Laurence John Whalen (born December 9, 1944) is a retired senior judge of the United States Tax Court.

He was born in Philadelphia, Pennsylvania, and earned his A.B. from Georgetown University, 1967; J.D., Georgetown University Law Center, 1970, followed by an LL.M. in 1971. He has been admitted to the District of Columbia and Oklahoma Bars.
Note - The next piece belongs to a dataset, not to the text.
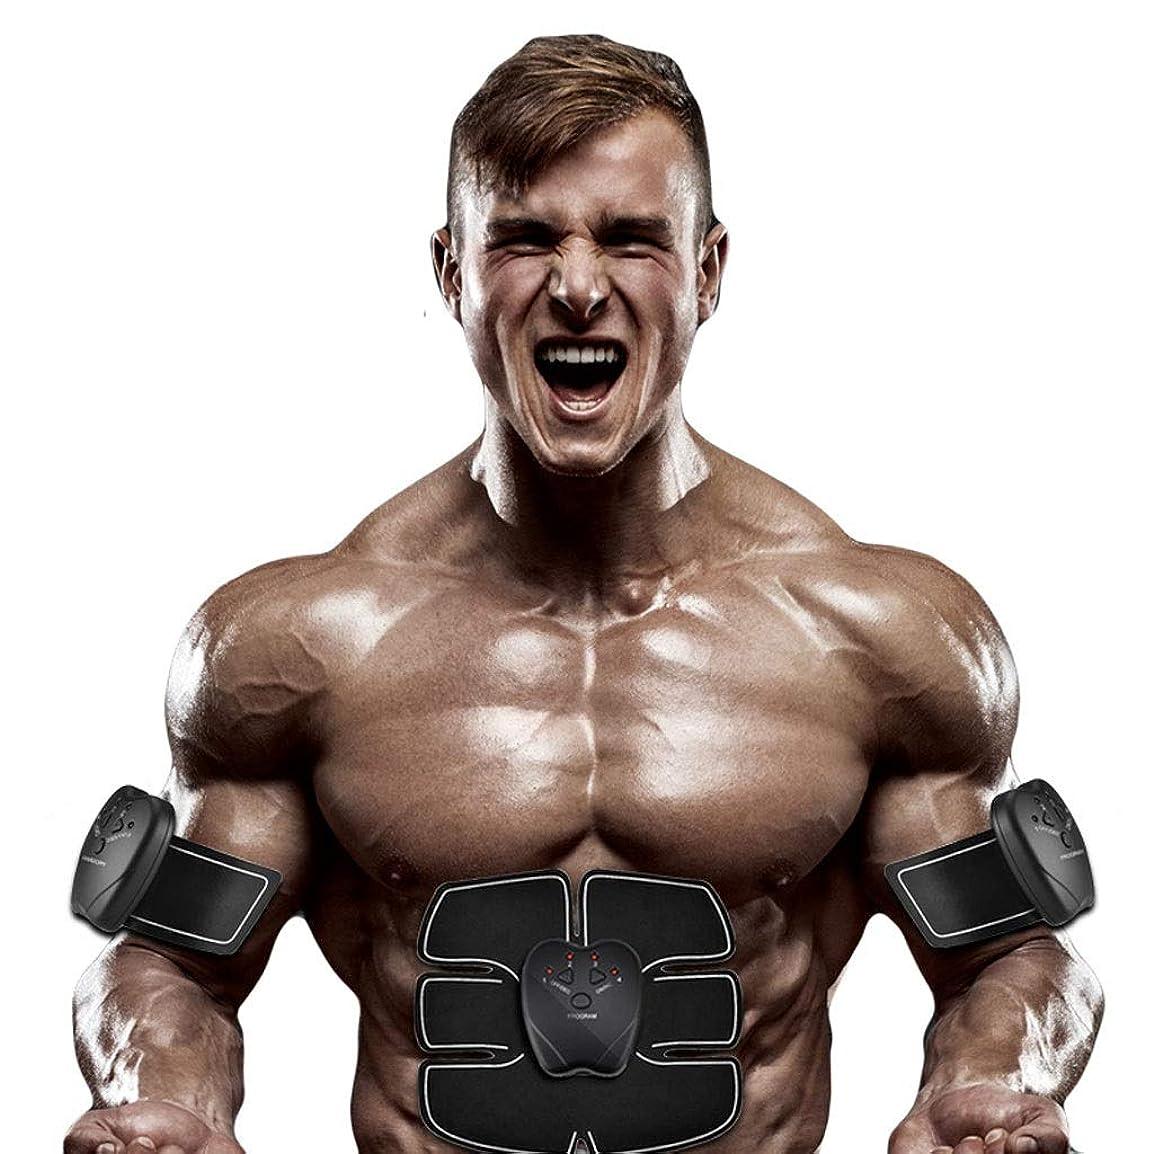 振り返る有効粘り強い腹部刺激、腹部調色ベルト、マッスルトナー、ポータブルマッスルトレーナー、ボディマッスルフィットネストレーナー腹部腕用トレーニング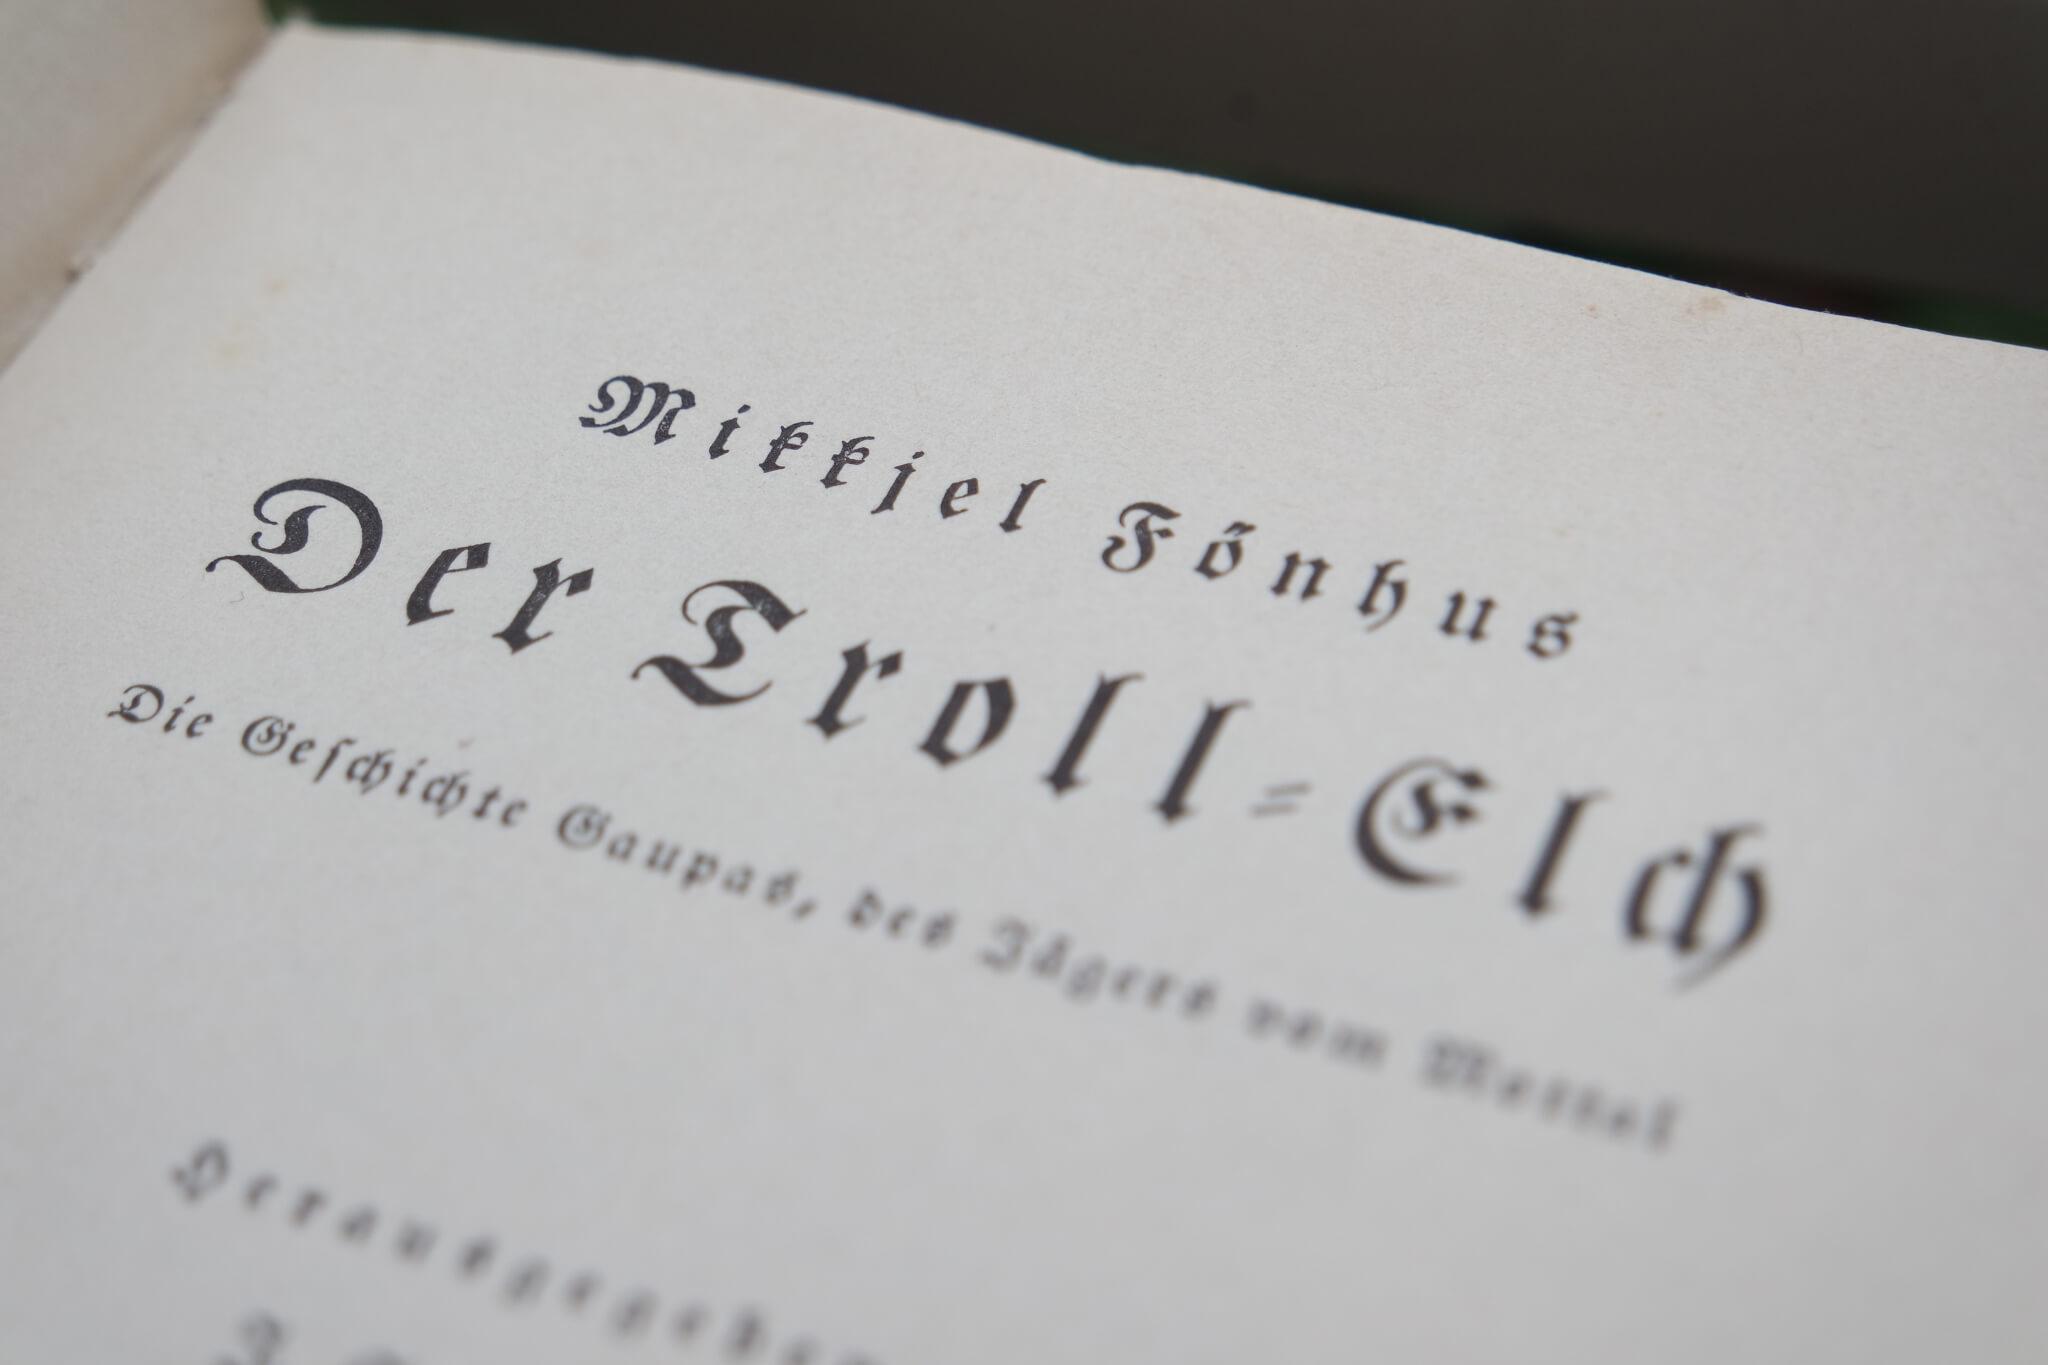 Erste Seite des Buches der Troll - Elch

Special Assistant to the Assistant Attorney General, Tax Division, Department of Justice, 1971–72; trial attorney, Tax Division, 1971–75. Private law practice in Washington, D.C., with Hamel and Park (now Hopkins, Sutter, Hamel and Park), 1977–84; also in Oklahoma City, Oklahoma, with Crowe & Dunlevy, 1984–87. He is a member of the Oklahoma Bar Association, District of Columbia Bar Association, and American Bar Association.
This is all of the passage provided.